Трудно описать то бесконечное удовольствие, которое доставляло нам это восхитительное зрелище: никогда принц де Линь не был столь тонок, столь игрив, столь изобретателен; никогда госпожа де Сталь не была столь блистательна; только у него сохранялся легкий, незаметный оттенок иронии, которая, не задевая госпожу де Сталь, оказывала ей своего рода пассивное сопротивление, бывшее для нее не без приятности. Когда взрыв неподражаемого красноречия уносил Коринну на седьмое небо, принц де Линь мало-помалу возвращал ее в ее парижский салон. Когда он, в свою очередь, безудержно предавался надушенной беседе Версаля или Трианона, госпожа де Сталь спешила в нескольких кратких и энергичных словах, наподобие Тацита, вынести приговор этому обществу, обреченному погибнуть по своей собственной вине. Нас влекло то в ту, то в другую сторону, так что невозможно было решить, кому отдать пальму первенства; никто, впрочем, не захотел бы примирить их, настолько эта борьба была высокого качества и хорошего вкуса. Поспешим заметить, что в этих прелестных стычках не было ничего принужденного, ничего искусственного, то были две разные, без усилия проявлявшие себя натуры, то были два ловких противника, любезно перебрасывающие мяч друг другу: живость неожиданных, всегда почтительных выражений, легкая, почти небрежная болтовня, инициативу в коей по воле случая перехватывали два собеседника, необычайное старание избегать всякого резкого слова, взаимное, если можно так выразиться, добродушие, таковы были отличительные черты того невероятного фейерверка, чьи всполохи до сих пор услаждают мою память.

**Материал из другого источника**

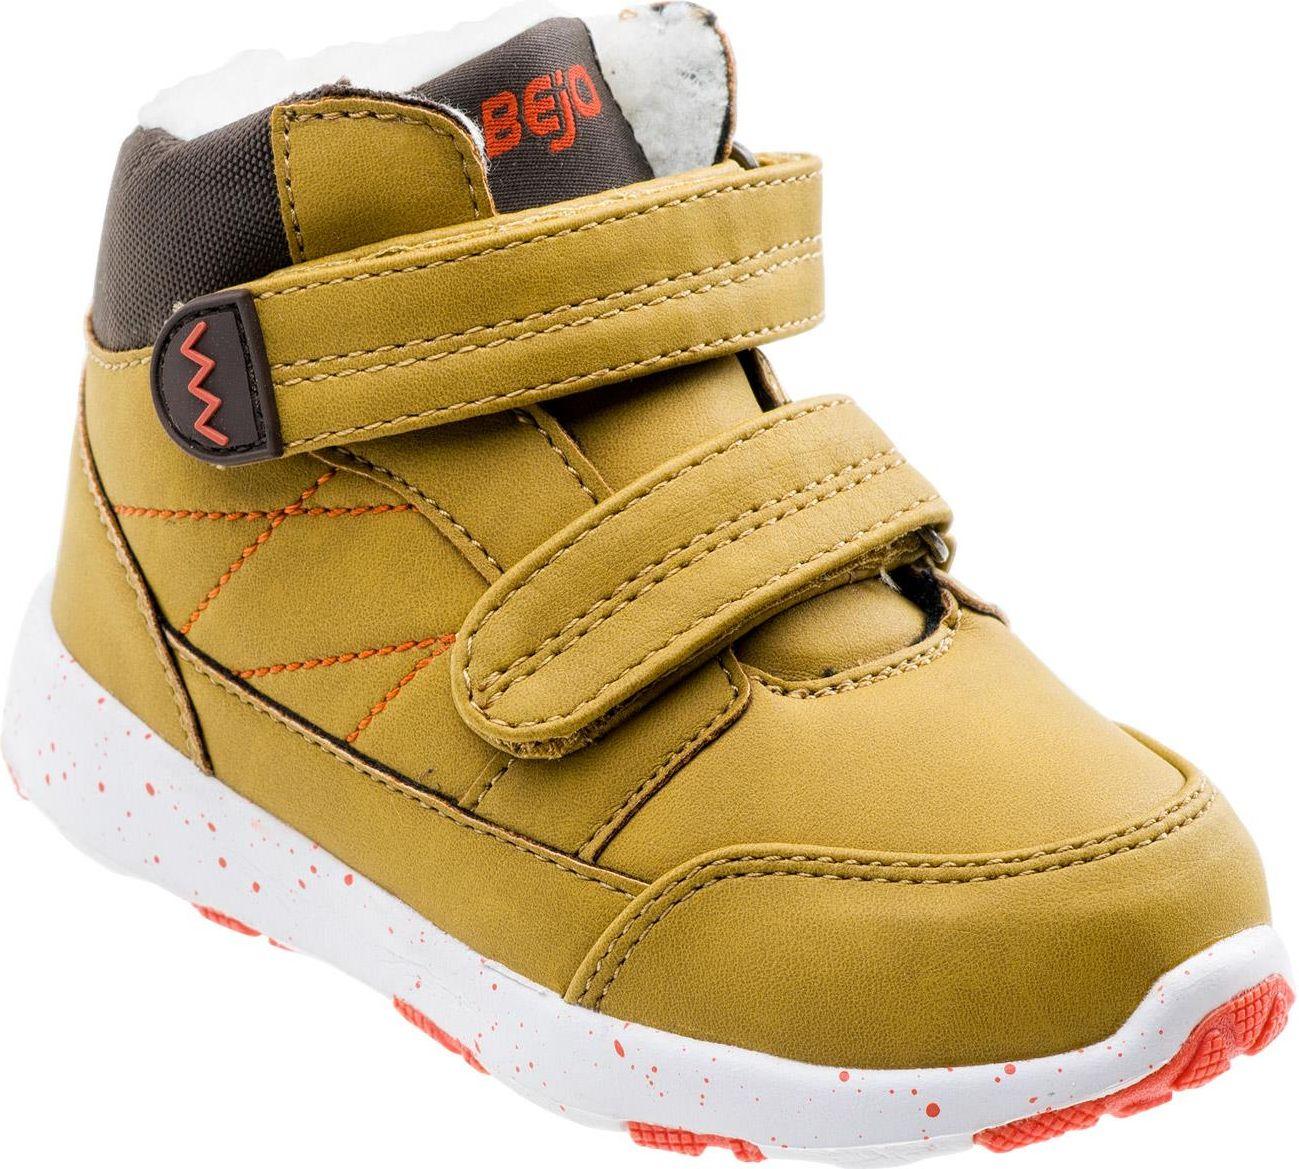 BEJO Buty dzieciece Lasio Kids Camel / Orange r. 24 5902786197194

Венское общество поспешило чествовать госпожу де Сталь; в дело пошли домашние спектакли, наследие восемнадцатого века; здесь случались забавные странности: принц де Линь и госпожа де Сталь страстно любили играть в комедиях и оба играли плохо; потому ему выпадали только роли нотариусов, появляющихся в момент развязки, или лакеев, приносящих письмо; при этом, если он играл роль нотариуса, то появлялся на сцене посреди действия, а когда он облачался в ливрею лакея, чтобы подать письмо, то продолжал затем оставаться на сцене, тихо повторяя: «О боже, я вам не мешаю?» По приезде госпожи де Сталь было поставлено несколько пьес, в том числе «Ученые женщины», в которой ей досталась большая роль Филаминты; граф Людвиг Кобенцль, друг и соотечественник принца де Линя, известный как посол в России и во Франции[1559]
и министр в 1805 году, играл Кризаля с живостью и талантом, коим позавидовал бы настоящий артист. Его сестра, госпожа де Ромбек[1560], неподражаемая, изящная смесь сердца и ума, безрассудства и рассудочности, играла роль Мартины. Артура Потоцкого[1561] и меня, самых молодых в нашей компании, старательно загримировали, нам нахлобучили огромные парики, и мы появились, он — в роли Вадиуса, а я — Триссотена. Пьеса была сыграна в сопровождении кое-какой музыки и понравилась; госпожа де Сталь не была избавлена от некоторых коварных намеков. В другой раз она играла в пьесе собственного сочинения под названием «Агарь в пустыне», которая, полагаю, опубликована в собрании ее сочинений[1562]. В связи с этим принц де Линь, отведя меня после представления в сторону, сказал: «Милый дружок (он часто меня так называл), вы, конечно, очарованы и находите пьесу великолепной? Кстати, как она называется?» — «Агарь в пустыне», — наивно отвечал я. — «Да нет, милый дружок, вы ошибаетесь, это „Оправдание Авраама“»[1563]. Столь утонченно-лукавый, шутливо-ироничный ум сочетался у принца де Линя с мягкостью характера и несравненной ровностью настроения. Серьезные соображения его не долго занимали. Беспечный в еще большей степени, нежели философски настроенный, он без сожаления позволял пролетать дням, которые ему оставались; никто бы не осмелился нарушить подлинное или ложное спокойствие этого старого и очаровательного ребенка. Политические идеи его не слишком интересовали. Он ненавидел революцию, ибо она залила кровью парижские салоны, разорила дворец в Белёе и подняла руку на предметы его почитания и нежности; но дальше он не шел. Была даже заметна его некоторая склонность к Наполеону, восстанавливавшему то, что разрушила революция; только, говоря о нем с господином де Талейраном, он замечал с легким аристократическим пренебрежением: «Но где Вы познакомились с этим человеком? Не думаю, что он когда-либо с нами ужинал».